ただ、利益確定に関しては暫定目標をネックラインまでの値幅として、他の要因も考えて大きく狙っていくようにした方がトータルでの収支は伸びる傾向にあります。
いつもきれいに完璧なチャートパターンと同形のチャートが出来上がるはずはないからです。
ダブルトップは時間足で見るのが最適?
チャートは1分足から月足まで様々な時間軸がありますが、チャートパターンは大きな時間軸のチャートの方が信頼度が上がると言われています。
小さな時間軸、特に1分足などはちょっとした大口注文でも値が動いてしまうために信頼度が下がってしまうためです。
また、時間軸が大きくなればなるほど機能した時に得られる利益は大きくなることも大きな時間足で見る方が優位性が上がるということになります。
そのため、1時間足、4時間足、日足などでダブルトップを活用し大きな利益を上げている方々もいますし、そういったチャートパターンを活用した手法もあります。
私的にはデイトレードで5分足、15分足で活用する場合が多いです。特に2時間足で見た下降トレンドでの5分足で戻りのダブルトップの時などは他の要素も加味して積極的に狙う場合もあります。要は順張りの逆張りです。
メインの1分足トレードでは、5分足で見てダブルトップになりそうなチャート形の時には買いエントリーを避けるなどで活用する場合も多いです。
複数の時間軸でチャートを見ていくことで、ダブルトップはエントリー時の活用にエントリーを避けるための活用と様々使っていくことができることになります。
ダブルボトムはダブルトップの上下反対のチャート形
ダブルボトムというチャートパターンは、ダブルトップと上下が逆になったチャート形です。
下げていたチャートが安値で下げ止まり若干反発後に再度下落。

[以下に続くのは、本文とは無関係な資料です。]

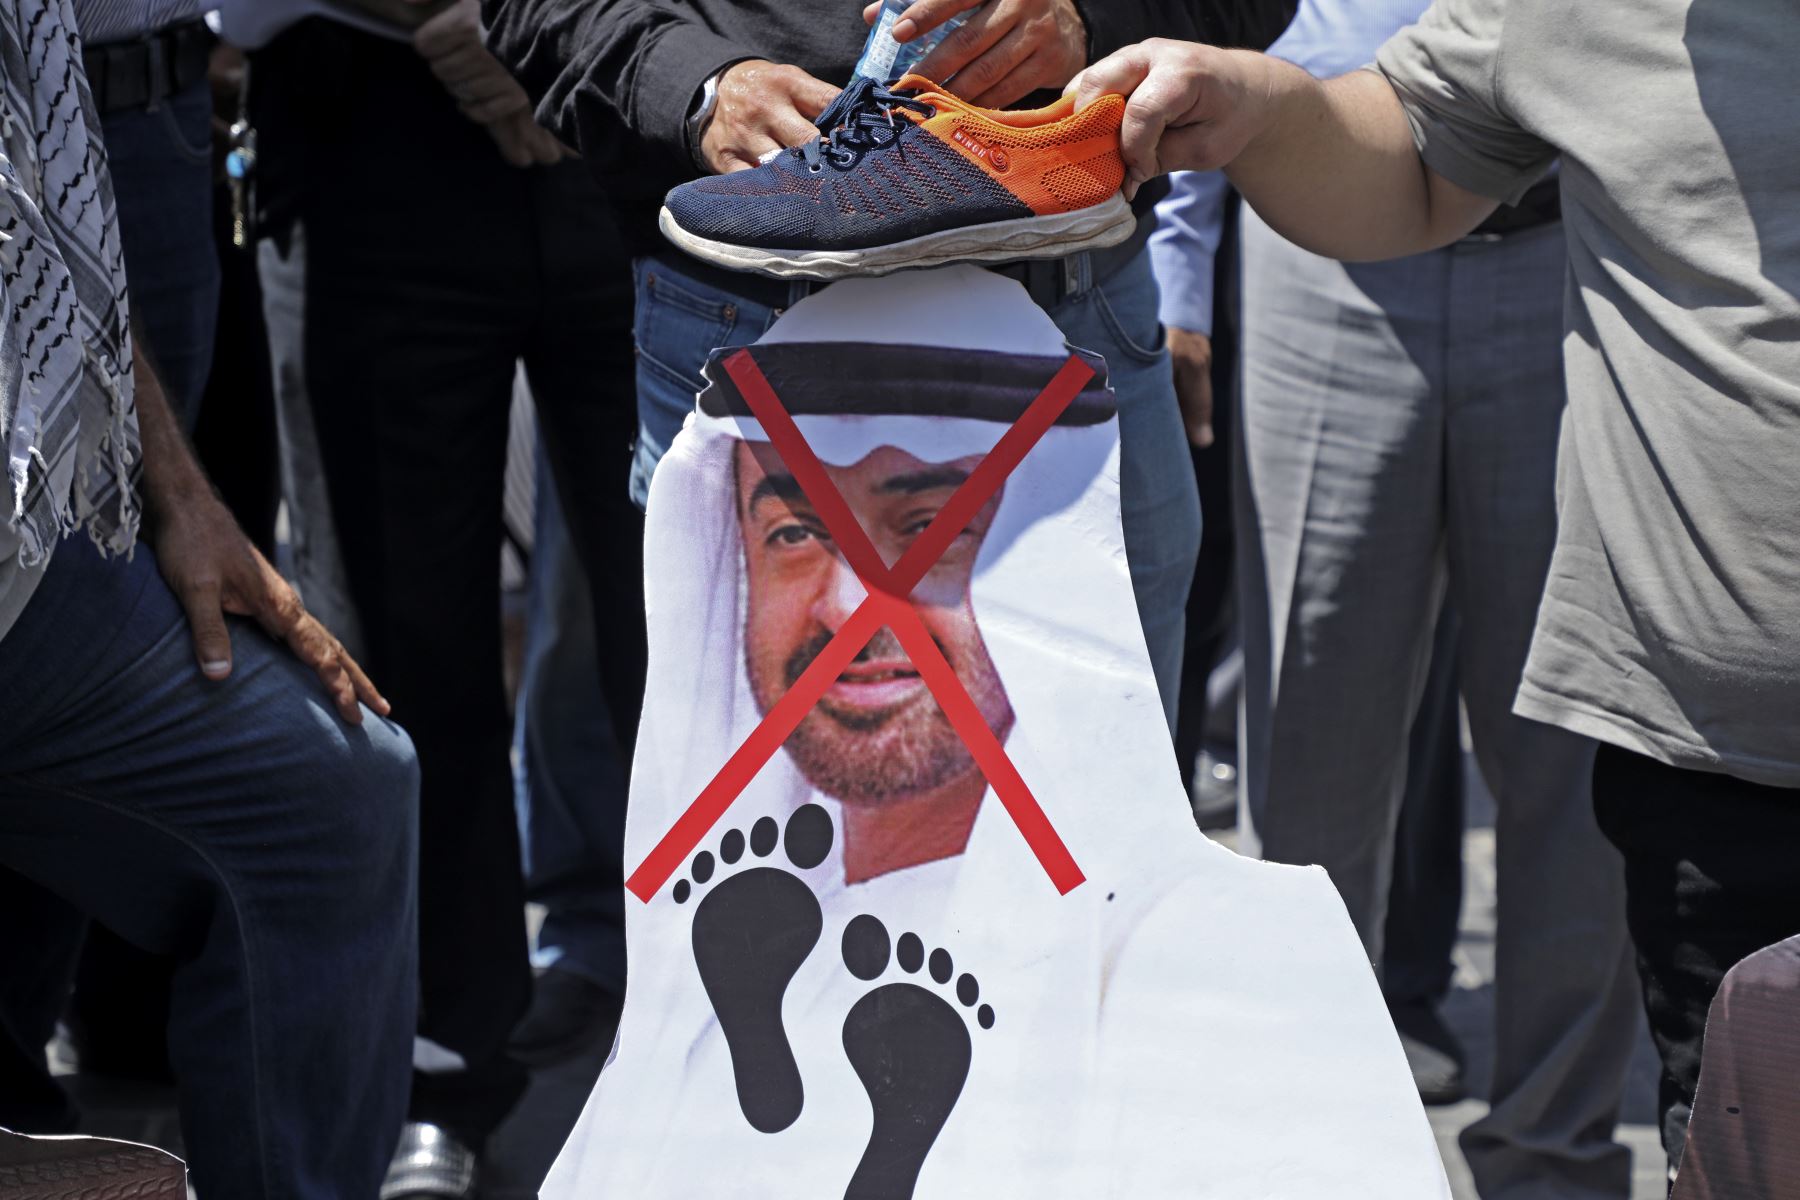 Manifestantes palestinos se preparan para prender fuego a un recorte que muestra el rostro del príncipe heredero de Abu Dhabi, el jeque Mohammed bin Zayed al-Nahyan, durante una manifestación en Naplusa en la ocupada Cisjordania, contra un acuerdo negociado por Estados Unidos entre Israel y los Emiratos Árabes Unidos. Foto: AFP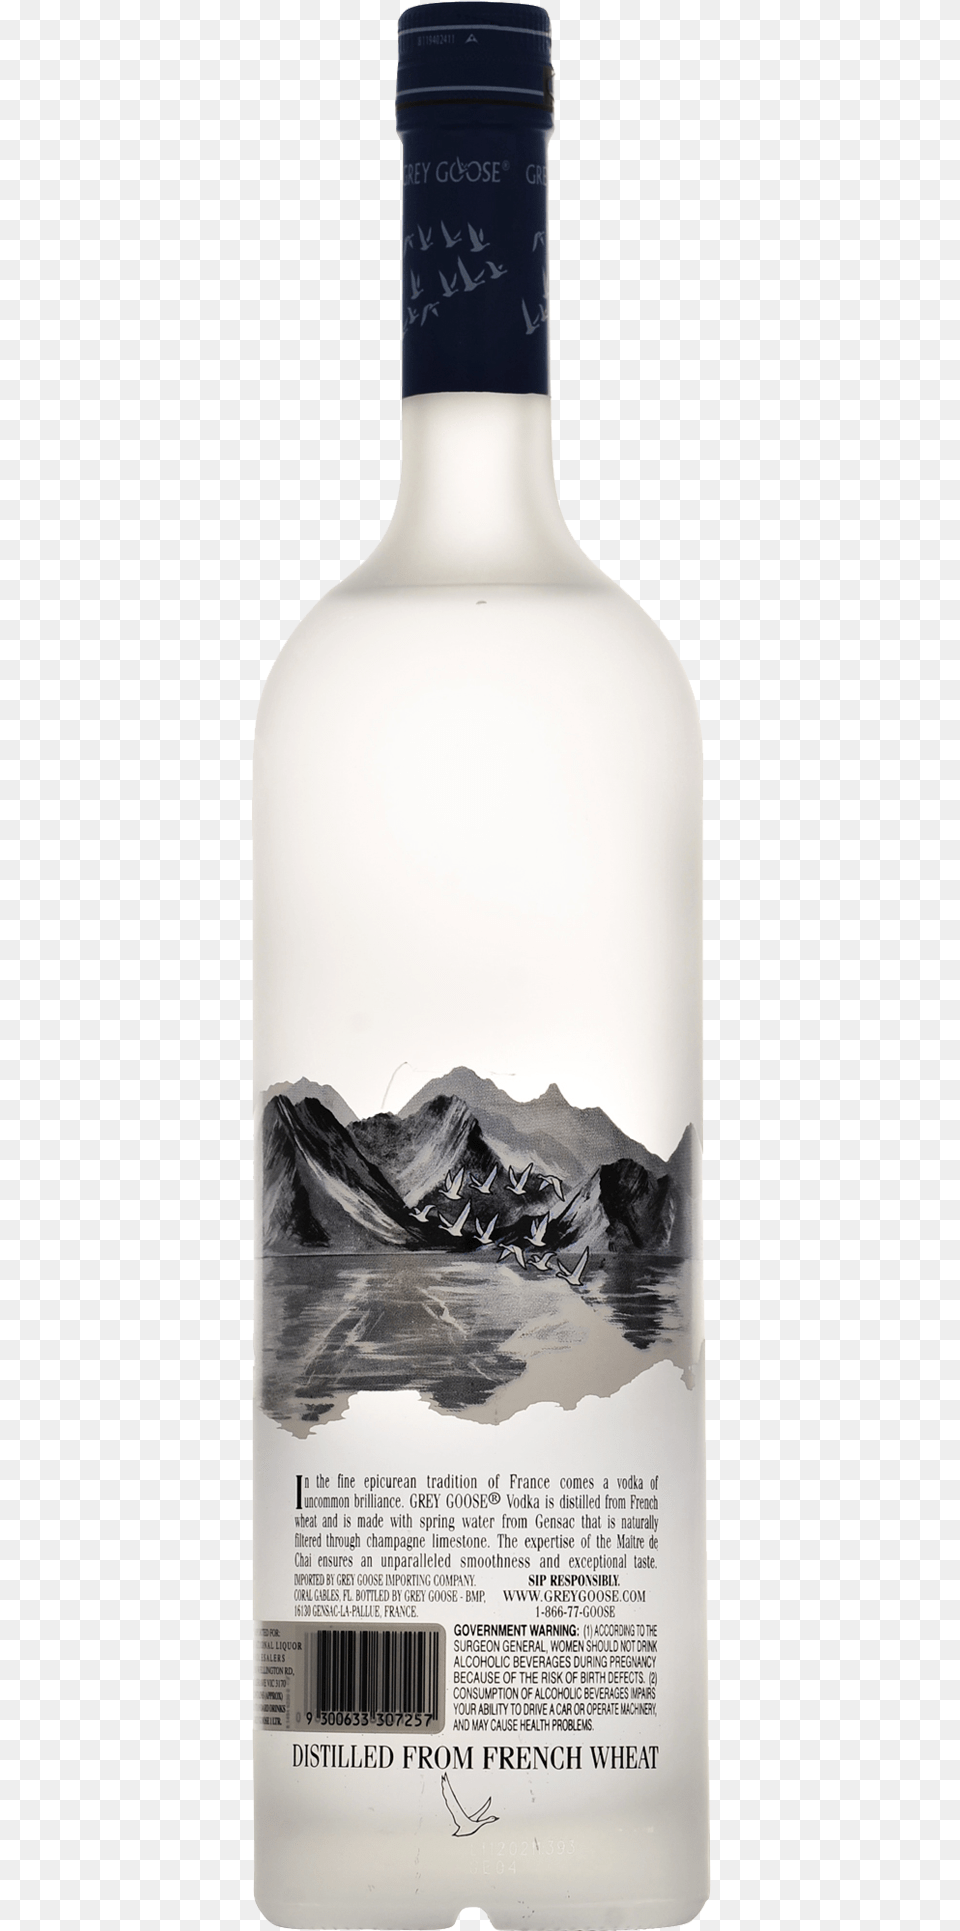 Grey Goose Vodka 1l Bottle Grey Goose Original Vodka, Alcohol, Beverage, Gin, Liquor Free Png Download

1度目の安値と同じ付近で下げ止まって反発しネックラインを超えて大きく上昇するパターンです。
安値は同じ値で止まる場合と2回目の安値の方が若干高い場合の方が信頼度が上がります。考え方はダブルトップとまったく一緒ですが、売りの方が勢いのある場合が多い分、ダブルトップよりは若干信頼度が下がる傾向が強くなります。
ダブルボトムはドル円や豪ドル円などの安値で買われやすい通貨ペア、安値で買われやすい時間帯の方が機能する場合が多くなります。
ダブルトップ!FXのチャートパターンで勝つ!【FX初心者向け】まとめ
FXでダブルトップがなぜできるのかを心理的な面も含めて考えてみると値動きの予測ができるようになってきます。
ここまで上昇したら上げ止まるかも、ここを割ったら大きく下がる可能性が高い、このラインまでは素直に動くだろう・・・こういった予測ができるようになってくるとFXはもっと楽しい投資になってきます。
完全な形でのダブルトップの出現頻度は高くありませんから、似ているチャート形だったり、応用できるチャート形でも同じように考えてみてください。
そして何度も何度もチャートで練習するとFXで勝つための基礎力も上がりますから、時間を惜しまずに値動きを思考することを考えていきましょう。